With the methods provided by the theoretical framework of population genetics gene flow (migration) can be measured indirectly. This has mainly been done using Wright’s Fst (standardised measure of the genetic variation among populations) to calculate Nm (number of migrants successfully entering a population per generation). Whether there are any true relationships among population structure, indirect measure of gene flow and dispersal of a species has remained ambiguous (e.g. Templeton et al. 1995, Bohonak 1999). Whitlock and McCauley (1998) have suggested that ‘the measures of genetic structure are valuable in their own right, but that transformations of these measures to quantitative estimates of gene flow or dispersal are at best not needed and, at worst, misleading’. Recently, new methods for estimating gene flow from DNA sequence data using knowledge of the phylogenetic tree of the sequences have begun to be developed (e.g. Hudson et al. 1992).
Because indirect measures of gene flow are dependent on population structure that is a result of at least thousands of generations, gene flow estimates may contain information that is relevant to the history of the species rather than reveal current gene flow (Bohonak 1999). For example, when the neighbouring populations are large, only a small fraction of gene pairs are closely related, and only this fraction gives information about the current rates of gene flow (Barton & Wilson 1995). Gene flow measures from mtDNA sequences that were suggested to be estimated by coalescence methods (Slatkin & Maddison 1989) have been criticised. The main point underlying the criticism is that because the mtDNA lineages are generally not randomised geographically, the mtDNA distributions are primarily generated by historical processes and not by current gene flow (Neigel 1997).

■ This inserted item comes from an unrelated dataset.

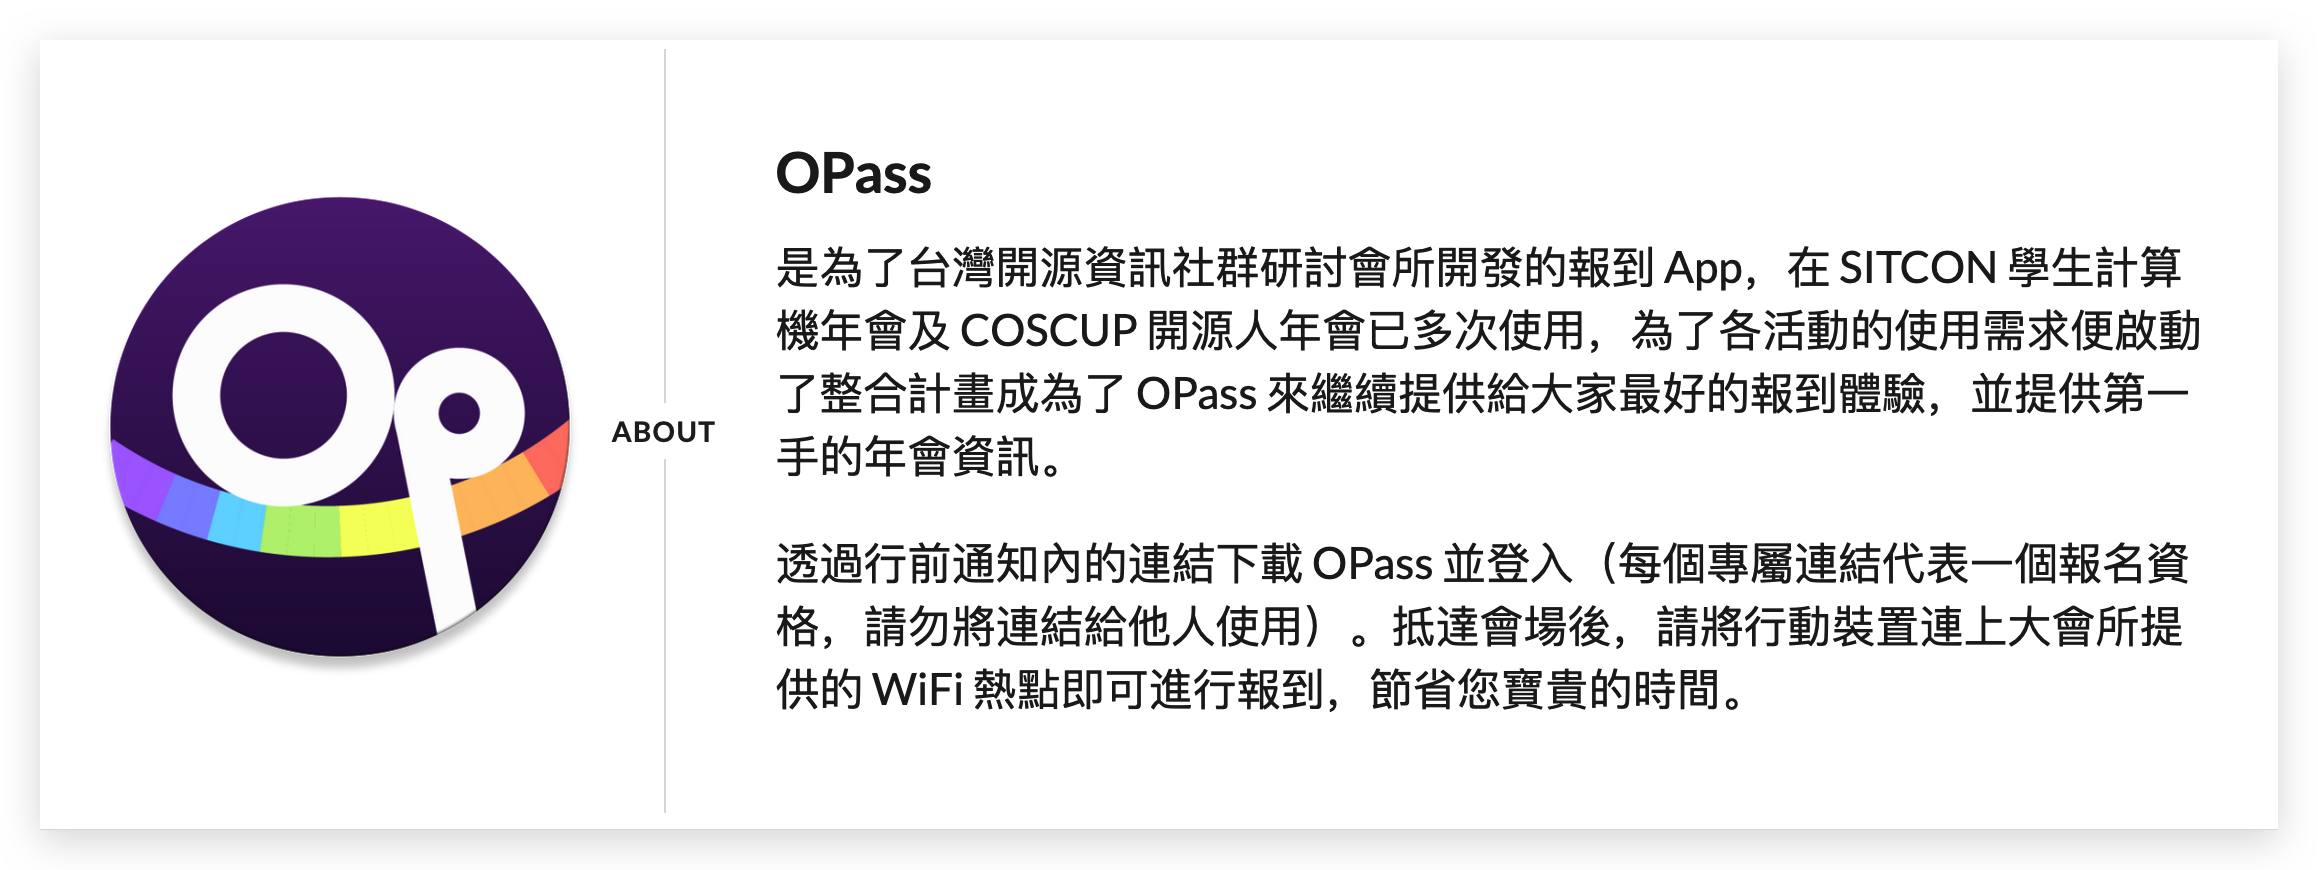 OPasss

Templeton et al. (1995) presented a nested clade analysis of haplotype trees to solve the problems of separating current and past events. They considered three major biological factors that may cause spatial or temporal associations of haplotype variation. The first, restricted gene flow (mainly due to isolation-by distance) may be difficult to separate from the second, past fragmentation events. The third major factor is range expansion. Recurrent gene flow is indicated, when no association of haplotypes can be detected (i. e., the haplotypes are randomly scattered spatially or temporally; Templeton 1998). The haplotype trees (minimum spanning networks) constructed from the tits can be linked with these major factors. In the network from the willow tit, the haplotypes are scattered, indicating recurrent gene flow, further supported by the observed immigration rates studied in the Oulu population (Orell et al. 1999) and recovery data from the Finnish Bird Ringing Center (Saurola 1981).

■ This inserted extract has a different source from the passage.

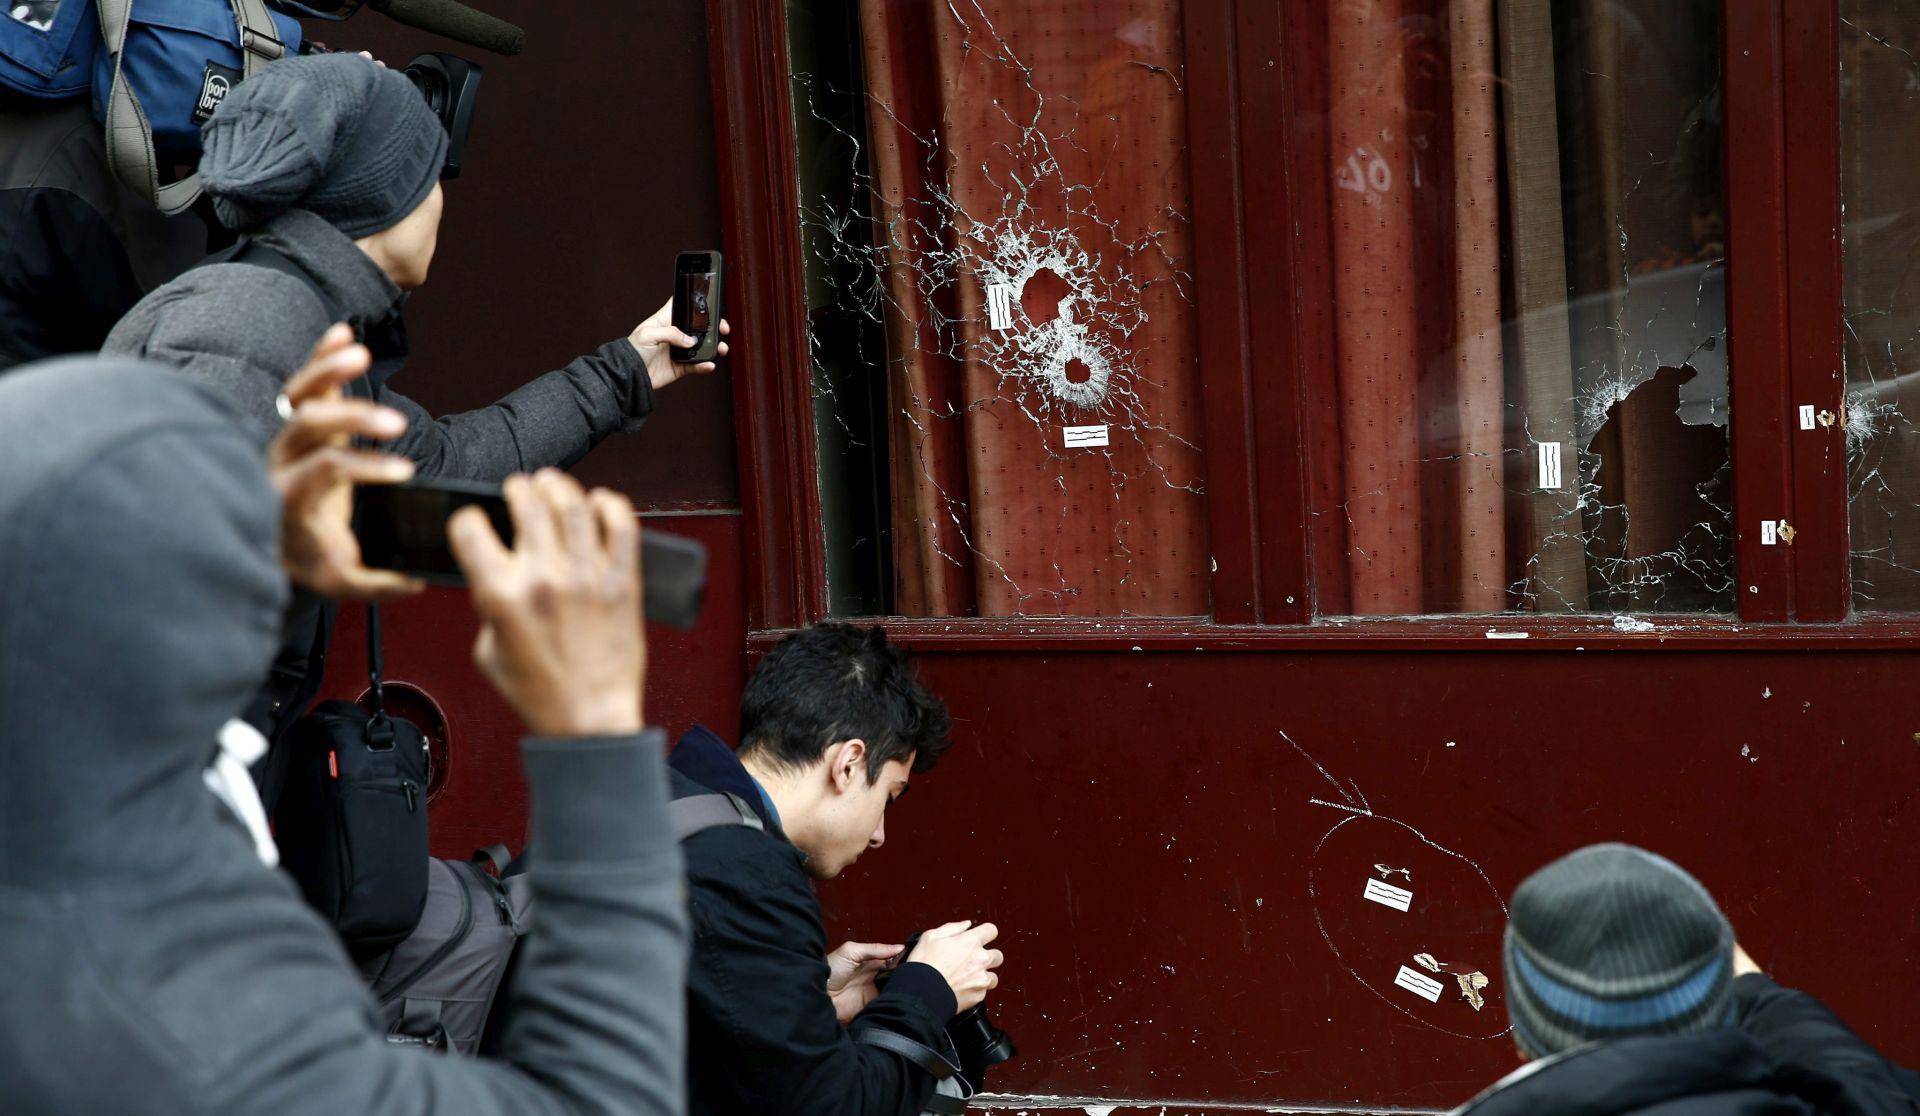 UŽIVO U Belgiji uhićeno sedam osoba, francuska policija traga za još jednim osumnjičenikom, dva napadača Francuzi

The third factor, range expansion, seems to fit the networks from the great and blue tits, except that the southern lineage of the blue tit is a result of either restricted gene flow, past fragmentation events or both. Range expansion northwards is still occuring in the blue and great tits (Haftorn 1957, Veistola et al. 1994, Väisänen et al. 1998), but expansion is more recent in the blue tit. Ecological studies have shown that the northernmost populations are dependent on a continuous immigration from the south to persist. Thus present day gene flow most probably has a great impact in homogenising the populations, but the last ice-age has also had a profound contribution to the present population structure.
However, the coalescence method and nested clade analysis need further development before they can routinely be used to estimate the amount of current gene flow. Therefore, the number of migrants is still frequently estimated from Fst, but the estimates need to be treated with caution (Whitlock & McCauley 1998).